Uma mentira repetida vezes suficientes se torna verdade. É o caso da mais disseminada lorota do mundo animal: a de que gatos são seres de cognição sem páreo, que querem dominar o mundo, enquanto cachorros ficam satisfeitos com um cafuné do dono.
Um estudo publicado ontem por pesquisadores da Universidade Vanderbilt revelou que os cães, na verdade, têm duas vezes mais neurônios no córtex cerebral (530 milhões) do que os gatos (250 milhões). O ser humano, para fins de comparação, tem 1,6 bilhão. O córtex é a camada mais externa do cérebro, responsável pelas formas de processamento de informação mais sofisticadas dos mamíferos.

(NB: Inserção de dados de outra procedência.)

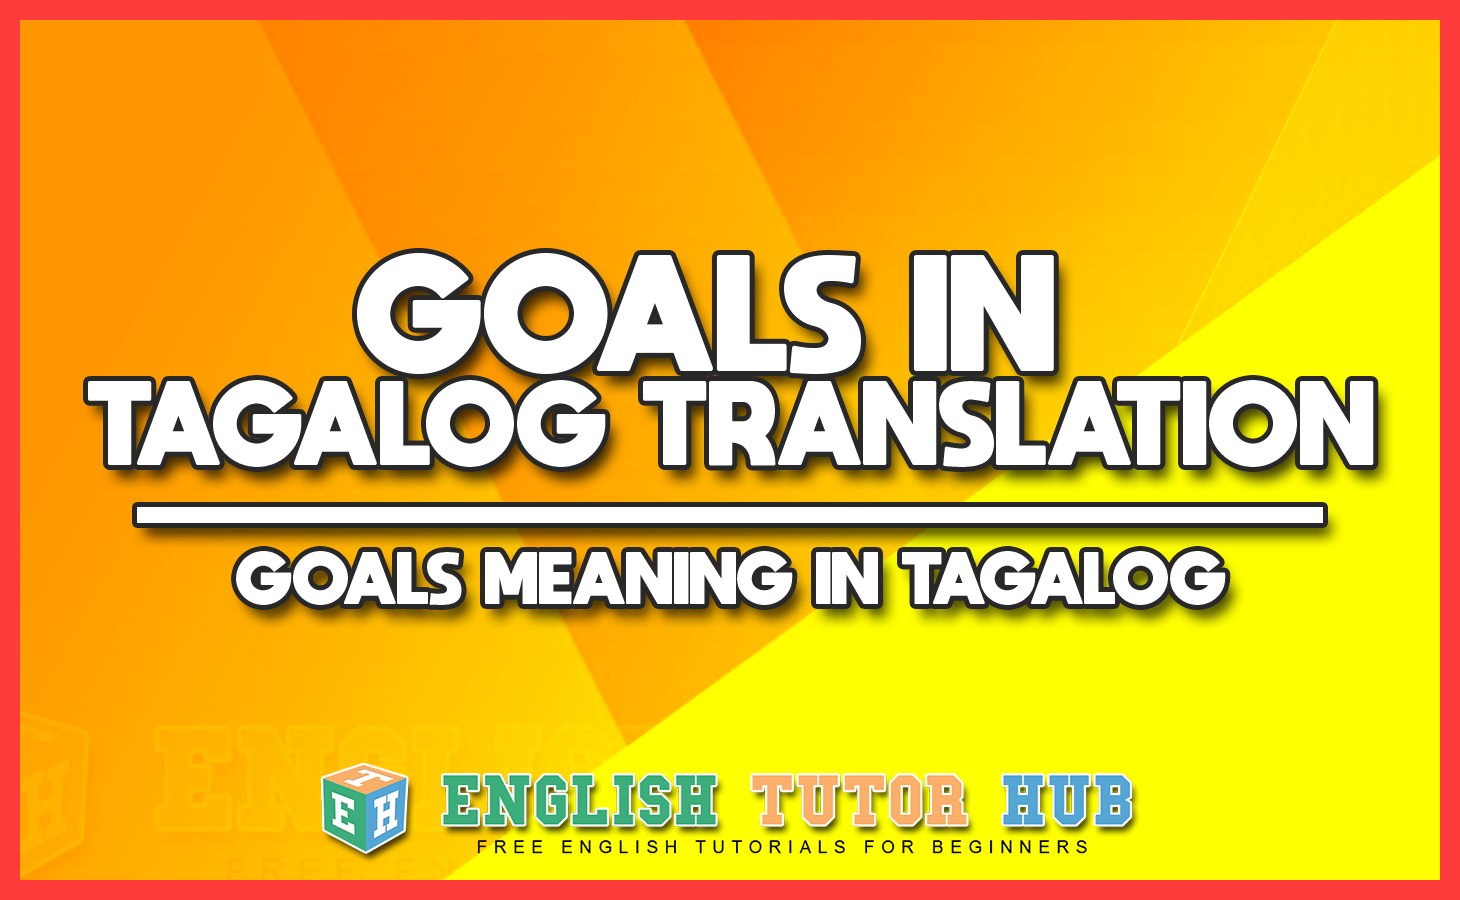 GOALS IN TAGALOG TRANSLATION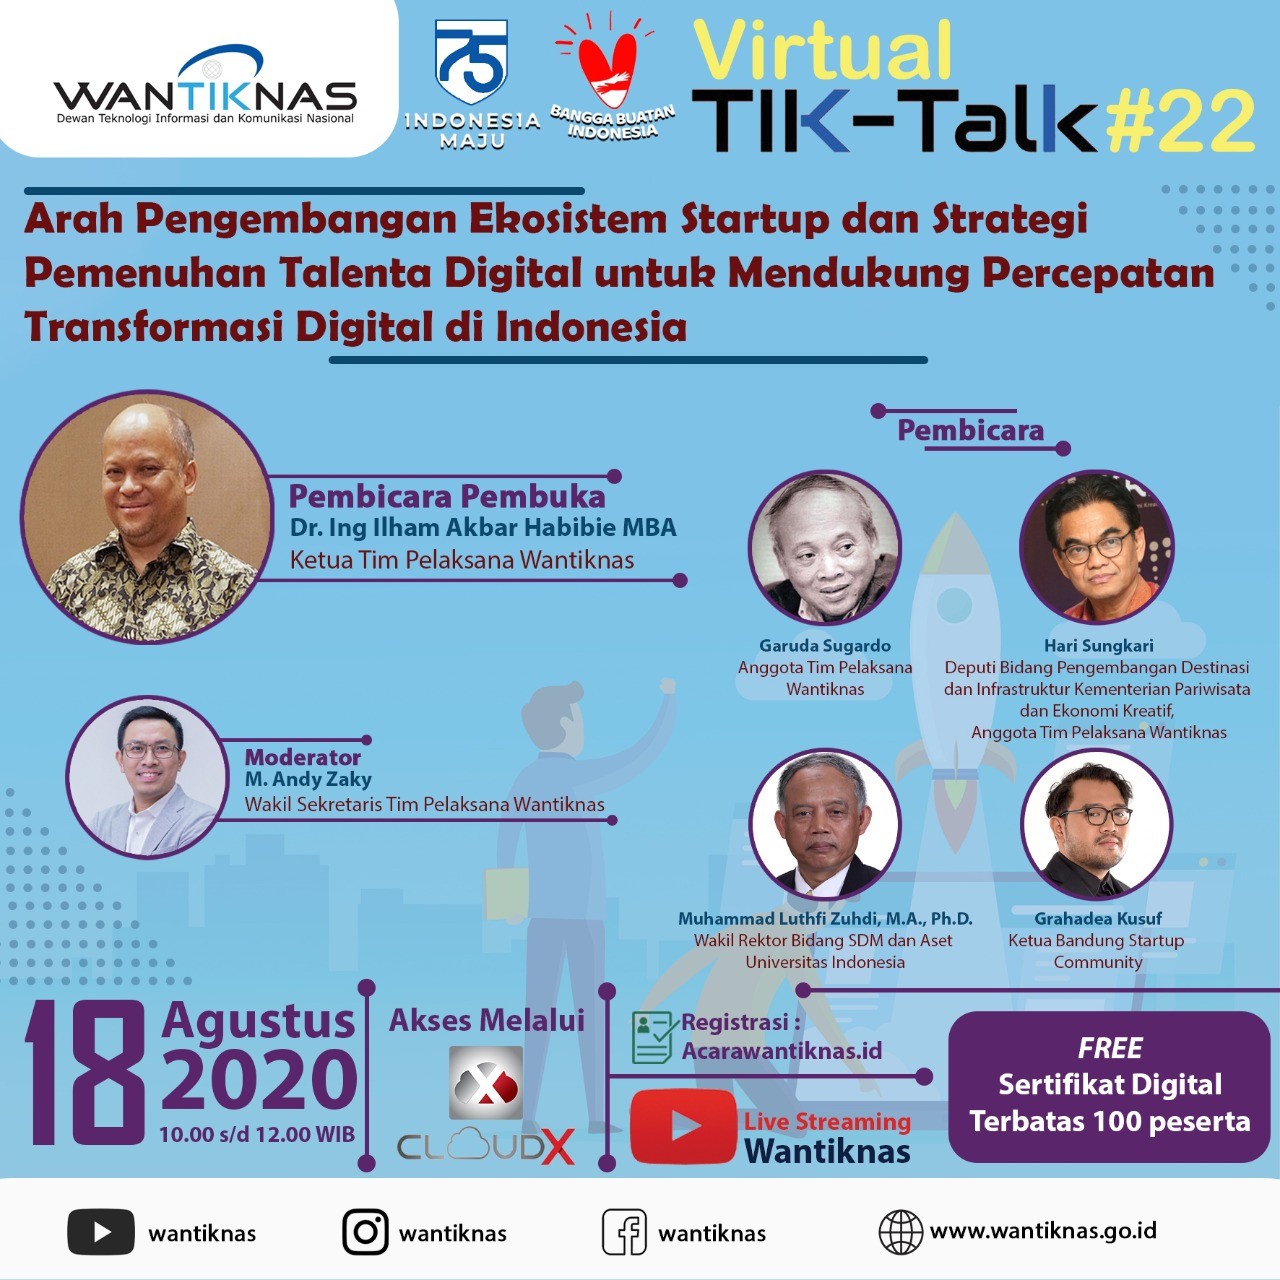 Arah Pengembangan Ekosistem Startup dan Strategi Pemenuhan Talenta Digital untuk Mendukung Percepatan Transformasi Digital di Indonesia

“Neste estudo, nosso objetivo foi comparar diferentes espécies de carnívoros para descobrir se o número de neurônios em seus cérebros se relaciona com o tamanho dos cérebros”, explicou em comunicado a neurocientista carioca Suzana Herculano-Houzel, que trabalha na universidade norte-americana – e desenvolveu o método de medição de células aplicado no artigo científico. “Nós incluímos alguns favoritos do público, como cães, gatos, leões e ursos marrons.” Espécimes de hiena, guaxinim, furão e mangusto também entraram no páreo.
O mito fundamental dos animais domésticos não foi o único desmentido pelo estudo. Costumava-se acreditar que animais selvagens carnívoros teriam cérebros mais desenvolvidos, pois os esforços associados à caça – como a necessidade de agir em grupo e traçar estratégias de ataque – exigiriam mais neurônios do que o hábito de comer coisas que não fogem de você, como plantas.
Errado: a proporção entre tamanho de cérebro e número de neurônios não varia de acordo com o cardápio. A explicação mais plausível é que fugir de predadores é no mínimo tão complicado quanto ser um predador, o que coloca coyotes e papa-léguas em pé de igualdade.
Além disso, o número de neurônios não varia de acordo com a espaço físico ocupado pelo órgão. Ursos marrons, com cérebros dez vezes maiores que o de um gato, têm aproximadamente o mesmo número de células no córtex.
“Comer carne é considerado por muitos especialistas um ótimo jeito de resolver problemas energéticos”, explica Herculano, “mas está claro que a dieta carnívora impõe um equilíbrio delicado entre quanto cérebro e corpo um animal é capaz de sustentar.” Em outras palavras, embora um bife seja de fato mais calórico do que uma folha de alface – o que, em princípio, ajudaria a abastecer cérebros mais potentes –, a carne foge de você, o que torna a alimentação dos carnívoros intermitente e imprevisível. Se o cérebro de leões e ursos fosse maior do que é, talvez não sobrasse combustível para sustentar o próprio corpo em longas caçadas.
Quanto à pergunta mais importante – quem é, afinal, o mais inteligente entre os carnívoros? – a resposta não vai agradar os donos de pets: é o guaxinin, com cérebro do tamanho do de um gato, mas 400 milhões de neurônios no córtex – quase o mesmo que um cachorro. Inteligência pequena, mas concentrada.